À l’occasion de la commémoration du quatrième anniversaire du GENOCOST, le directeur général du FONAREV, Patrick Fata Makunga, a appelé à préserver le caractère national et inclusif de cette journée dédiée à la mémoire des victimes des violences en RDC. Il a plaidé pour que la mémoire, la justice et la réparation restent au-dessus des divergences politiques et institutionnelles.
Patrick Fata s’est exprimé le 2 août 2026 au Mémorial du GENOCOST à Kinshasa, lors de la cérémonie organisée en présence du président de la République, Félix Tshisekedi, et de plusieurs responsables du pays. Dans son intervention, le directeur général du Fonds national de réparation des victimes de violences sexuelles liées aux conflits et des victimes des crimes contre la paix et la sécurité de l’humanité a insisté sur la dimension collective de cette commémoration.
Pour lui, le GENOCOST ne doit être associé à aucune institution ou formation politique particulière.
« Le combat pour la mémoire n’appartient pas uniquement aux victimes. Le combat pour la justice n’appartient pas uniquement aux institutions », a-t-il déclaré, appelant à dépasser les clivages politiques et les divergences de circonstance.
Patrick Fata considère ainsi que les victimes des atrocités commises en République démocratique du Congo relèvent de la responsabilité de l’ensemble de la nation. Il estime que le GENOCOST doit rester un référentiel mémoriel commun à tous les Congolais, indépendamment de leurs appartenances politiques ou socioculturelles.
Au-delà de la commémoration, le responsable du FONAREV a appelé à transformer le souvenir des victimes en un engagement en faveur de la justice, de la paix et de la réconciliation.
Il a notamment insisté sur la nécessité de construire l’avenir à partir de la vérité plutôt que de l’oubli, et de privilégier la justice plutôt que la vengeance.
« Oui, le Congo se relèvera.
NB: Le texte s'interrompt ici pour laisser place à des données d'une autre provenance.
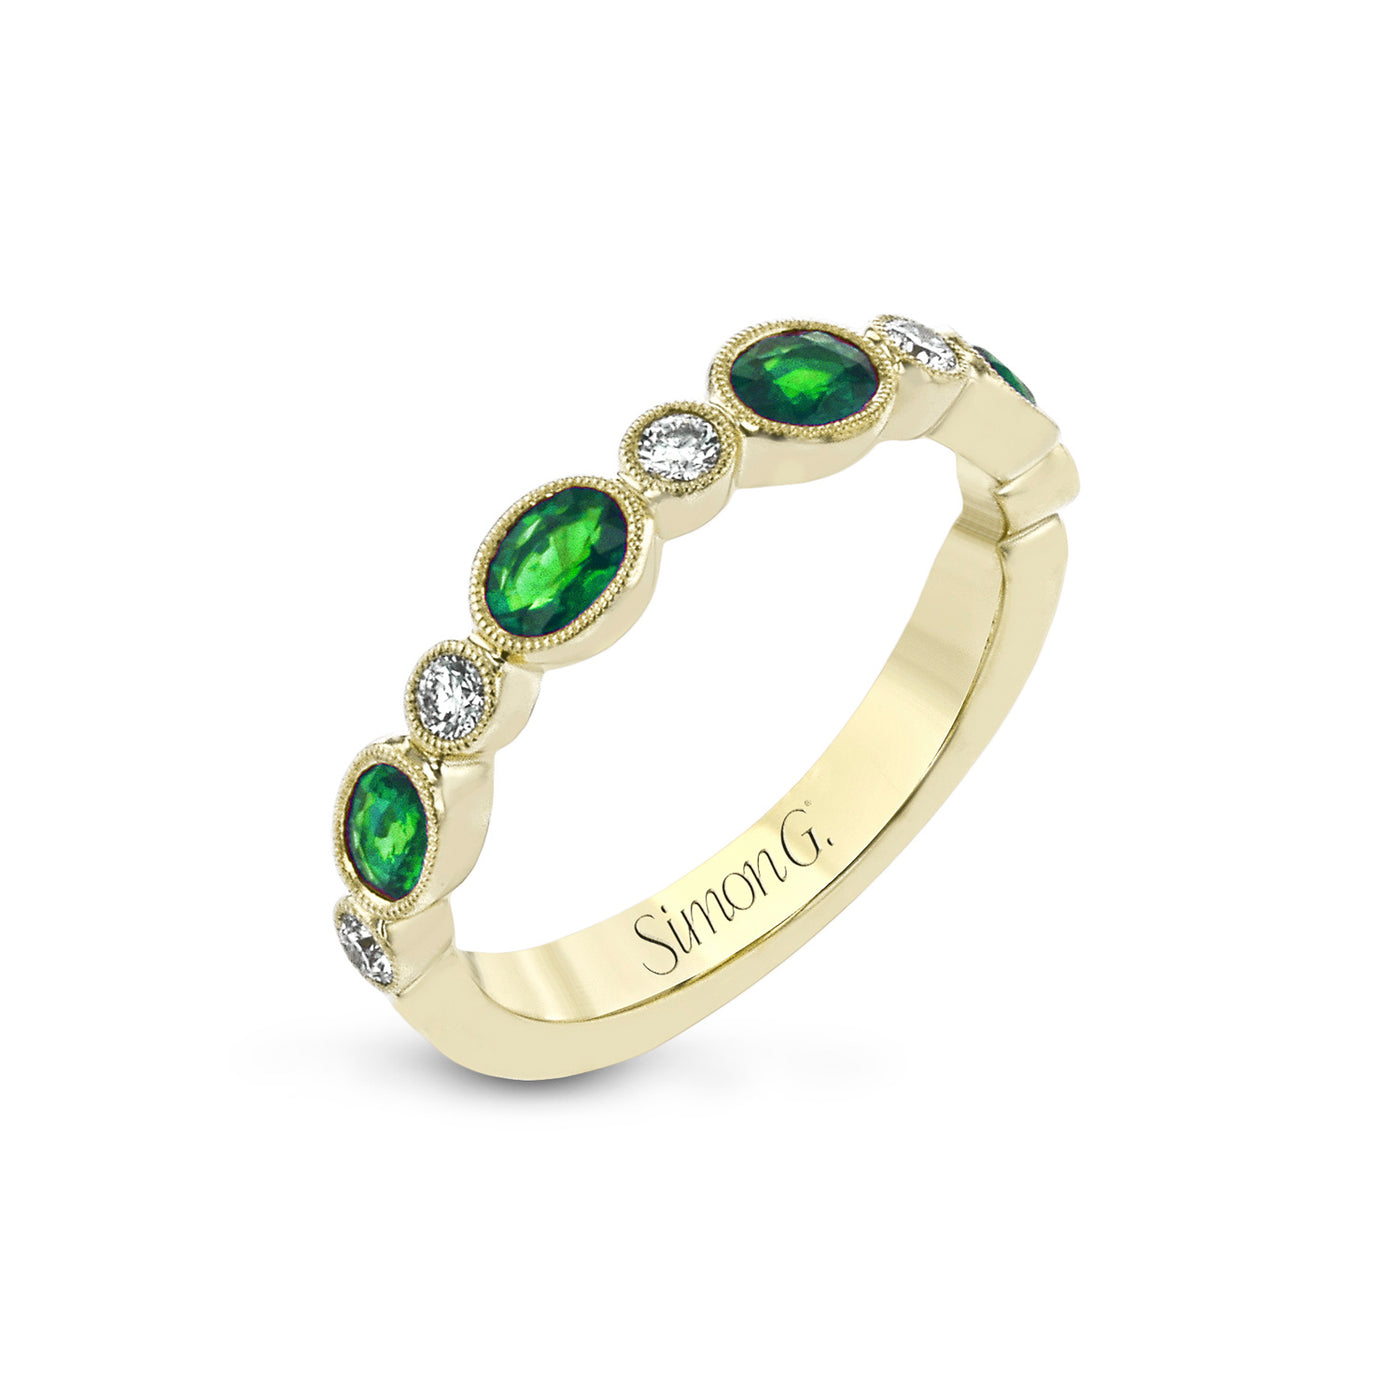 Simon G 18k Yellow Gold Emerald and Diamond Fashion Ring – LR2462-Y
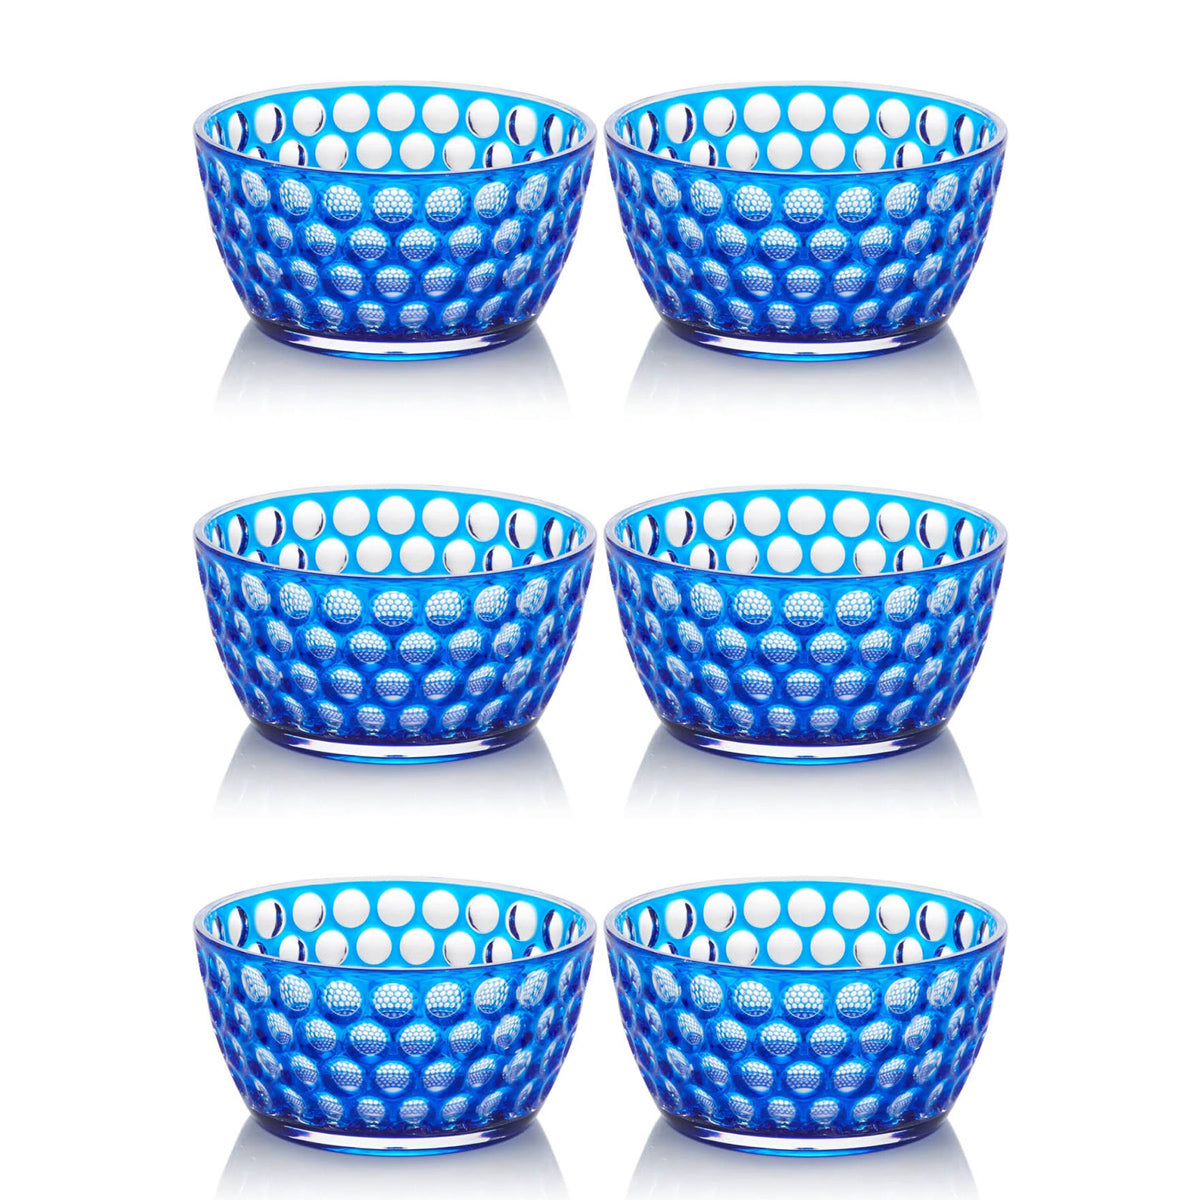 Lente Snack/Cereal Bowl in Royal Blue or White - Set of 6

Non pas par l’oubli, mais par la vérité. Non pas par la vengeance, mais par la justice », a-t-il affirmé dans son allocution.
Cette démarche s’inscrit dans le cadre du processus national de mémoire et de réparation en faveur des victimes des violences massives qui ont marqué la RDC au cours des dernières décennies.
Le 2 août a été consacré Journée nationale de commémoration des victimes des violences massives ayant endeuillé le pays depuis plus de trois décennies. Cette consécration découle de la loi du 26 décembre 2022 relative à la protection et à la réparation des victimes de violences sexuelles liées aux conflits ainsi que des victimes des crimes contre la paix et la sécurité de l’humanité.
La même loi a notamment institué la Commission interministérielle d’aide aux victimes et d’appui aux réformes (CIA-VAR) et le FONAREV, deux structures appelées à jouer un rôle dans la politique nationale de mémoire, de réparation et de justice transitionnelle.
Pour Patrick Fata, l’enjeu dépasse donc une simple cérémonie annuelle. Il s’agit de maintenir la mémoire des victimes au cœur de l’action collective et de faire de cette mémoire un levier pour éviter que les violences du passé ne se reproduisent.
La commémoration du GENOCOST apparaît ainsi comme un rendez-vous destiné à rassembler les Congolais autour d’une histoire douloureuse commune, au-delà des appartenances politiques et institutionnelles.